Agency spending forecasts use Meta's Prophet time-series model, one model per (agency_code, NAICS_code) pair. Training data comes from FPDS obligation records.

Training dataFPDS obligation records, FY2018–present (52M+ records)
Horizon18 months forward projection
Confidence interval80% — presented as ranges, not point estimates
Holiday eventsFY2020–FY2021 registered as COVID-era anomalies; FY2023 registered for CR/debt ceiling disruption
Retrain cadenceMonthly (1st of each month), only if MAPE change > 5%
Model fitnessAccuracy tracked via MAPE and RMSE; anomalies flagged automatically
Limitation: Spending forecasts reflect historical obligation patterns. They do not incorporate Congressional appropriations data, agency strategic plans, or classified budget documents. Forecasts are input to confidence scoring — they are not independently actionable without FPDS signal context.

What We Don't Use — and Why

CPARS Performance Ratings

Not publicly accessible. The Contractor Performance Assessment Reporting System is restricted to government contracting officials. Any platform claiming to incorporate CPARS data is misleading users. We explicitly document this limitation and use the proxy signals above instead.

Our approach: Proxy approach: FPDS modification frequency and PoP extensions serve as observable behavioral proxies for performance. Frequent modifications and bridge extensions are FPDS-visible consequences of the same issues that CPARS would rate.

Agency Strategic Plans / Budget Projections

Non-public and inconsistently published. While some agencies publish acquisition forecasts, these are advisory and unreliable for quantitative modeling.

Our approach: Proxy: Prophet model on historical FPDS obligations as the best available public signal for spending trajectory.

Proposal Win/Loss Data

Proprietary to each contractor. We have no mechanism to collect it and do not try. Win probability is not a number we compute — we compute vulnerability of the incumbent, which is a distinct and more reliable signal.

Our approach: No proxy — we do not produce win probability scores. Vulnerability score is the incumbent-side metric; opportunity priority is the opportunity-side metric.

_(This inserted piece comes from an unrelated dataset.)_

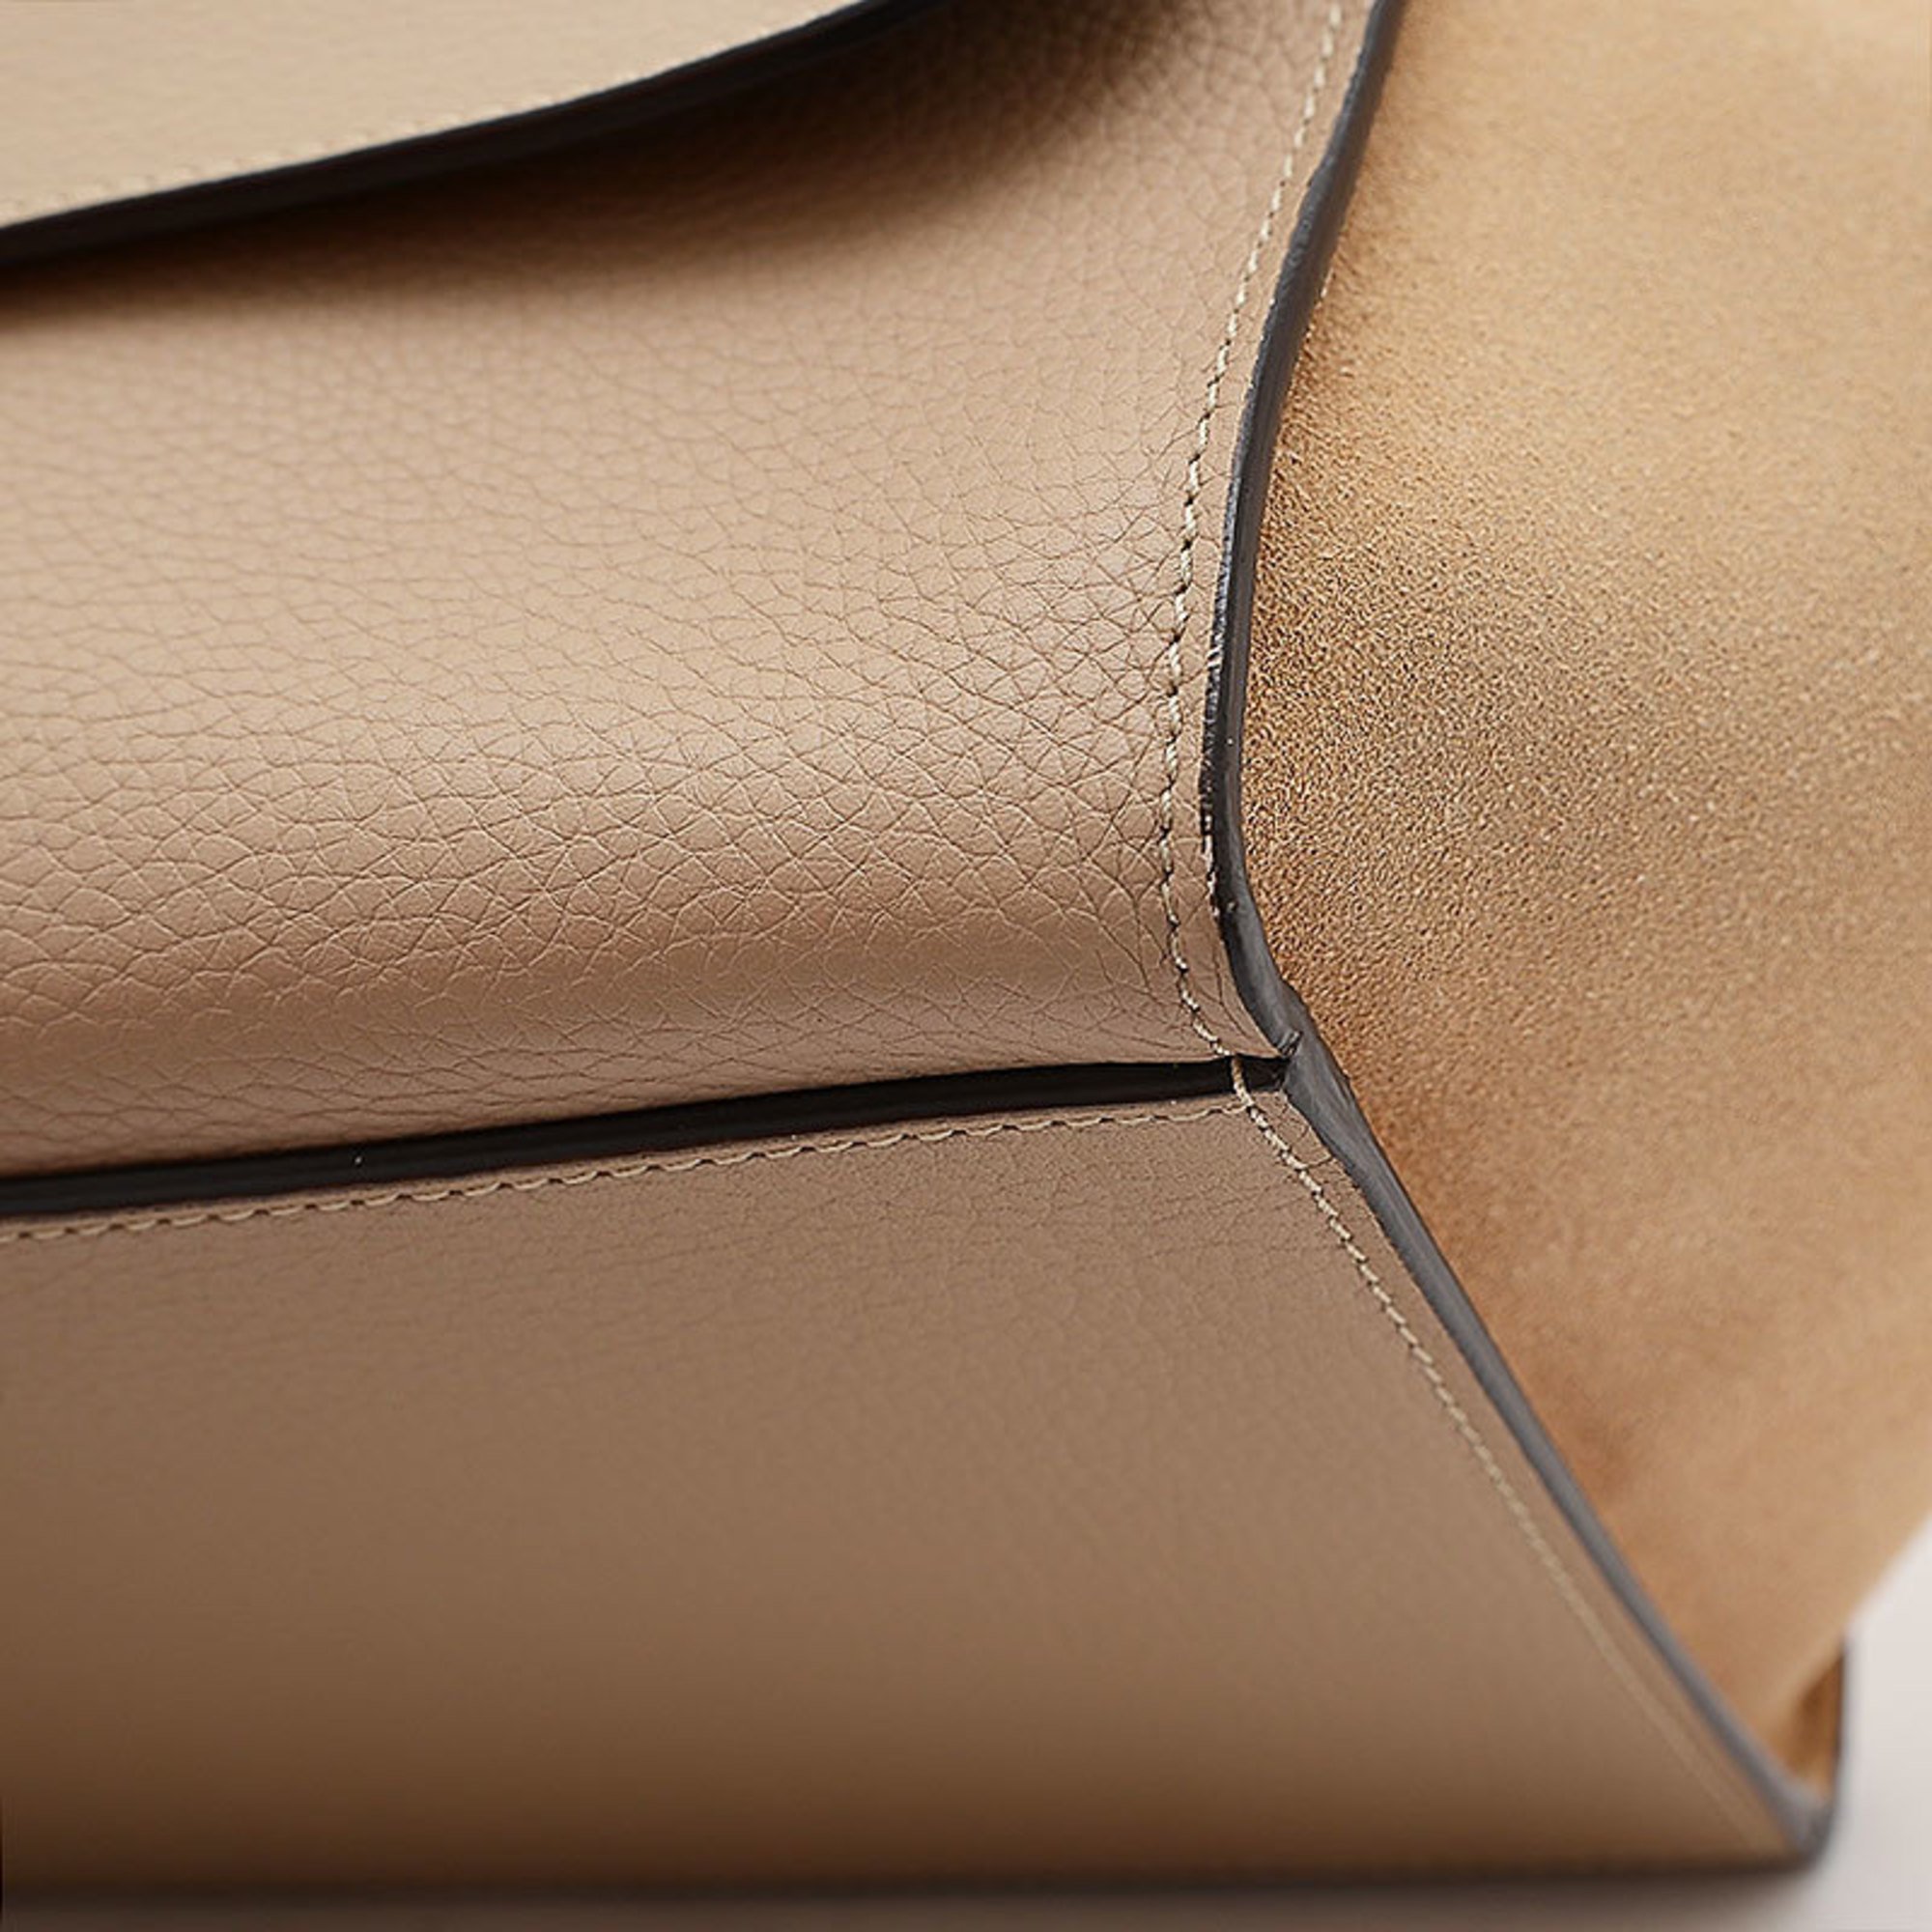 Celine Trapeze Medium 2-Way Bag Leather Suede Beige 169542

Teaming/JV Structure of Competitors

Not consistently publicly disclosed before award. Post-award JV data is in FPDS but is unreliably structured.

Our approach: Proxy: SAM.gov entity search for certification holders in the target NAICS/agency combination, cross-referenced with FPDS award history at that agency.

LLM Synthesis Layer

The Claude API is used as the final synthesis layer — it translates pre-computed analytical outputs into capture narratives. The LLM does not do analysis. It receives scored results and evidence from the layers below and narrates them in capture manager language.

If the underlying data has a gap (missing records, insufficient signal), the LLM is instructed to surface that gap explicitly — not fill it with generic advice. Capture managers who encounter generic advice in the output should report it as a bug.

How it works

Public federal data flows through our rule-based scoring engine, which produces scored signals with cited evidence. The LLM then translates those scores into actionable capture narratives — it never invents analysis or fills gaps with generic advice.

Every recommendation in the output traces back to a specific scored signal and its underlying data source.